**Raw data**:

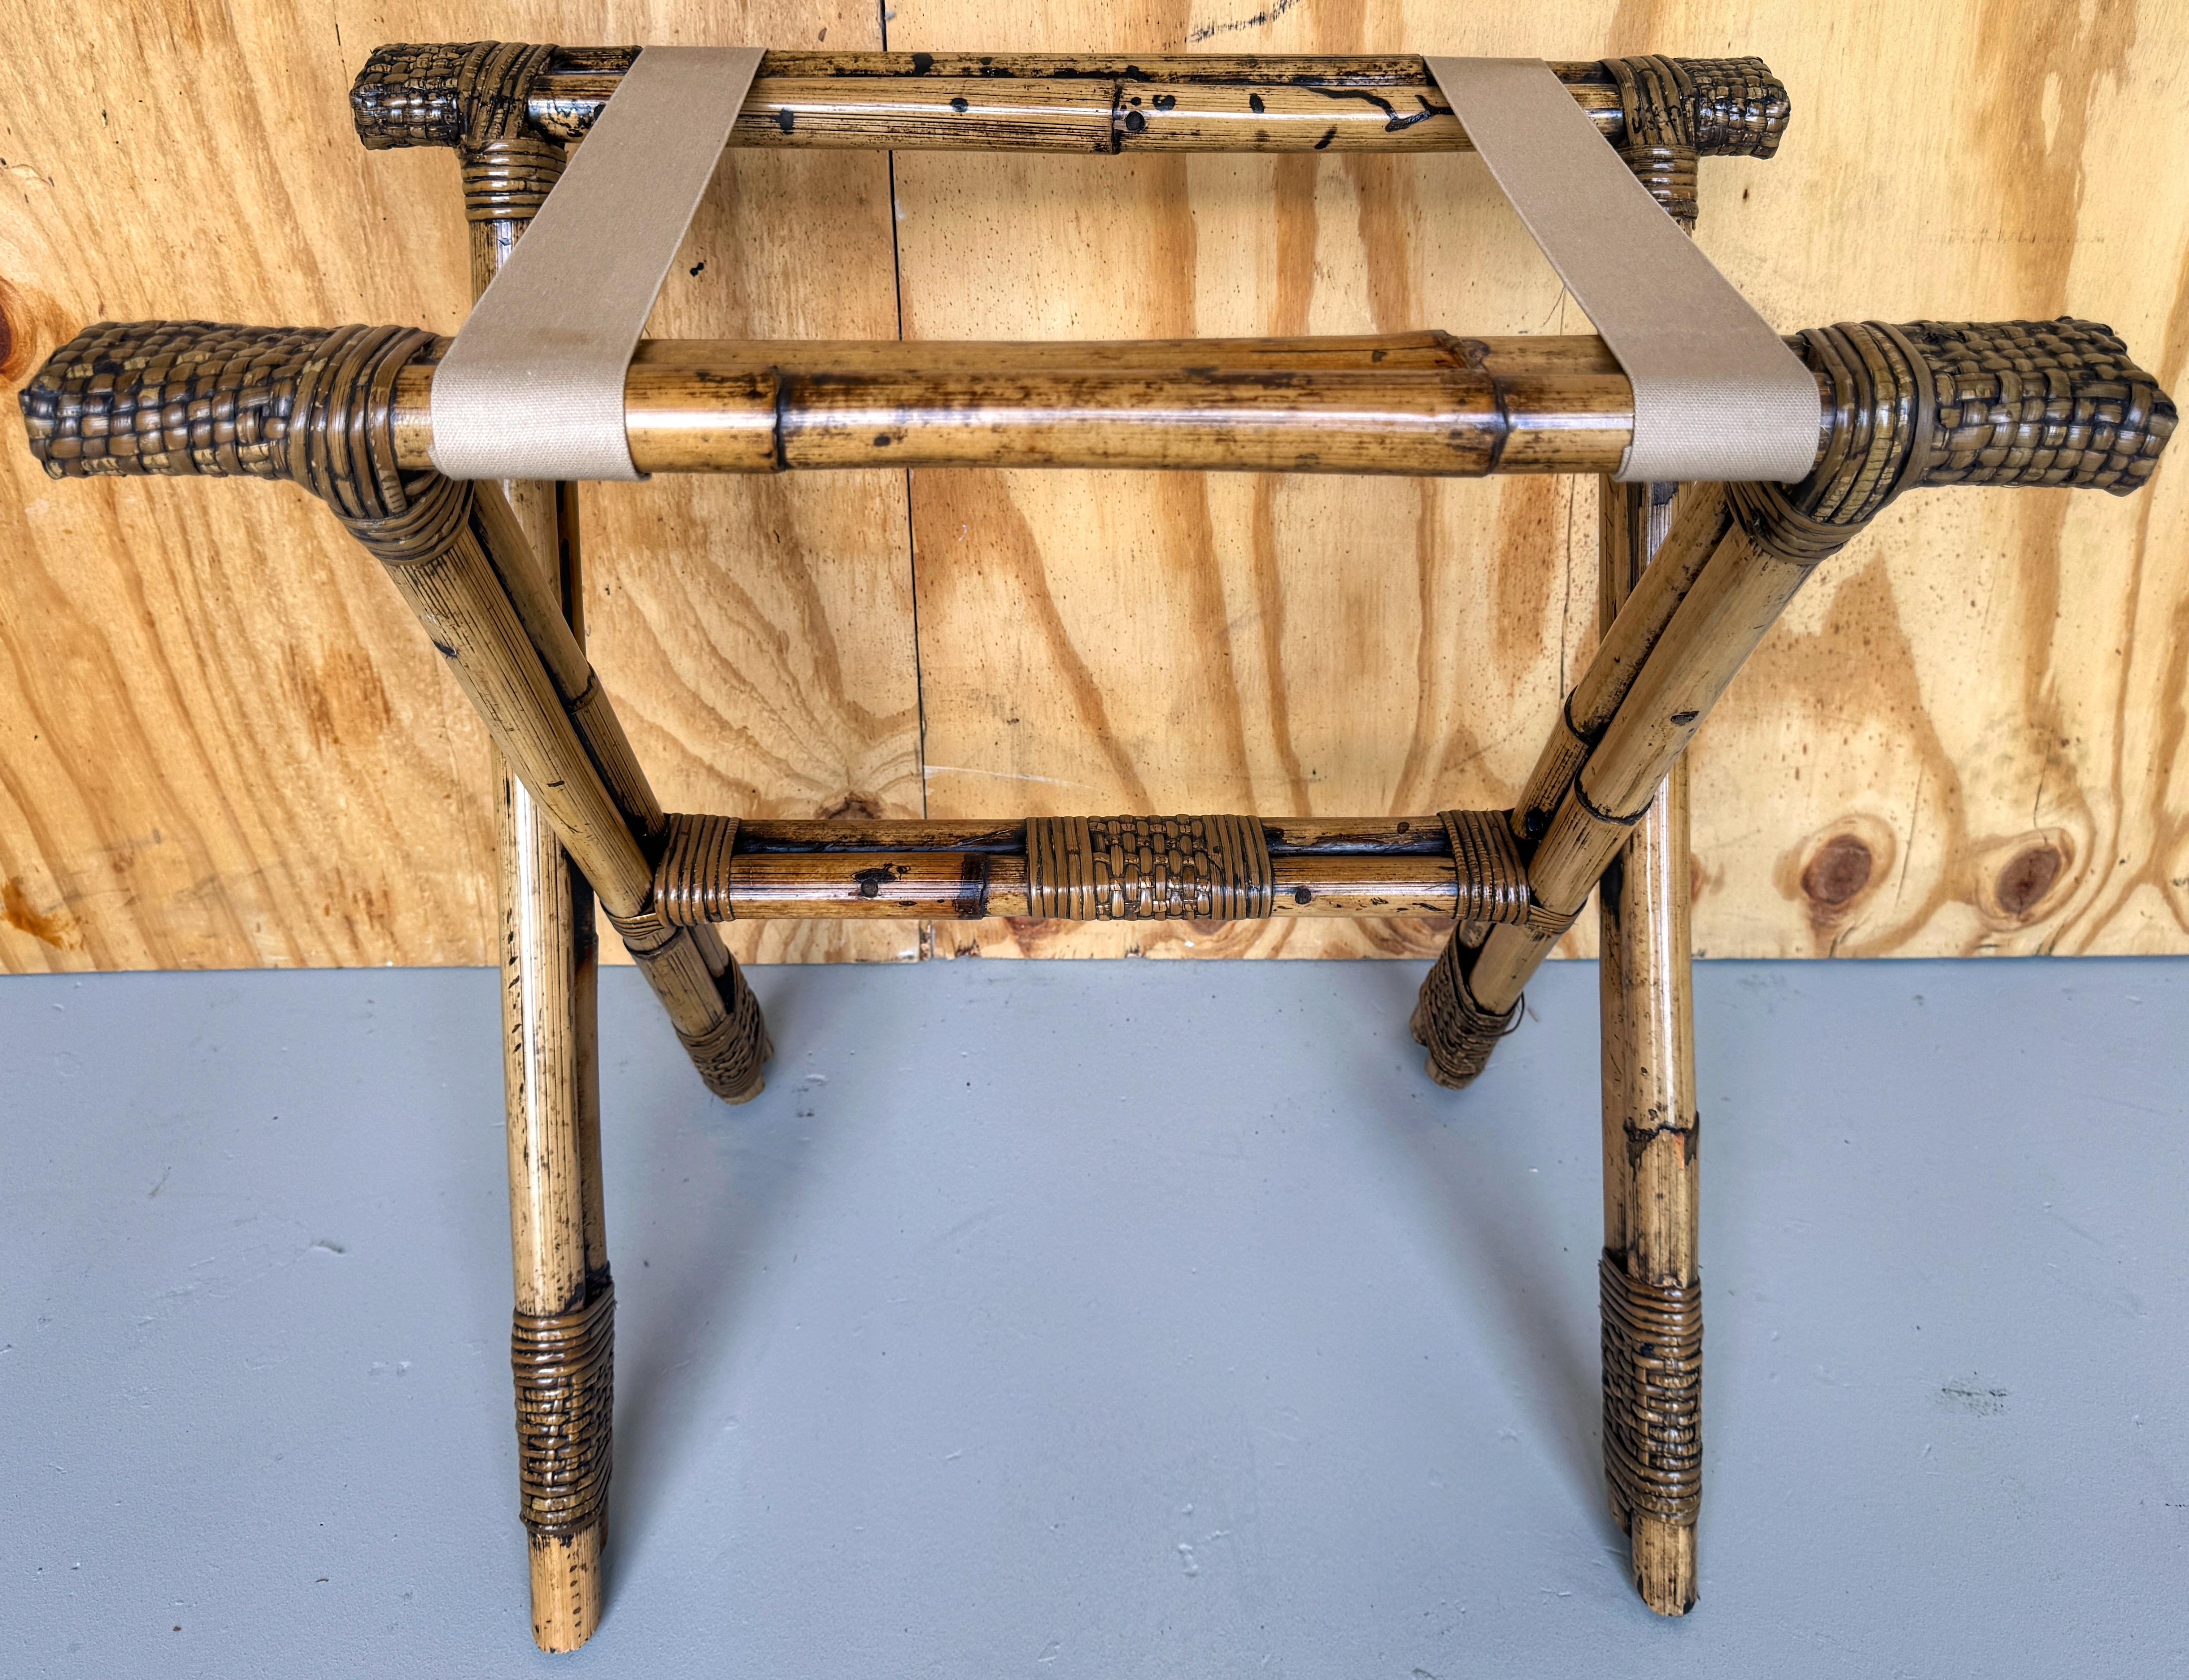 Vintage Bamboo Reed and Willow Gepäckträger/Tablett Tischständer 
Asien, ca. 1960er Jahre 

Der atemberaubende Vintage-Tischständer aus Bambus, Schilf und Weide ist ein vielseitiges Stück, das Funktionalität mit natürlicher Eleganz verbindet. Der

**Task brief**: Without the pictures, write out the whole listing exactly as it appears.

**Task answer**:
 Vintage Bamboo Reed and Willow Gepäckträger/Tablett Tischständer 
Asien, ca. 1960er Jahre 

Der atemberaubende Vintage-Tischständer aus Bambus, Schilf und Weide ist ein vielseitiges Stück, das Funktionalität mit natürlicher Eleganz verbindet. Der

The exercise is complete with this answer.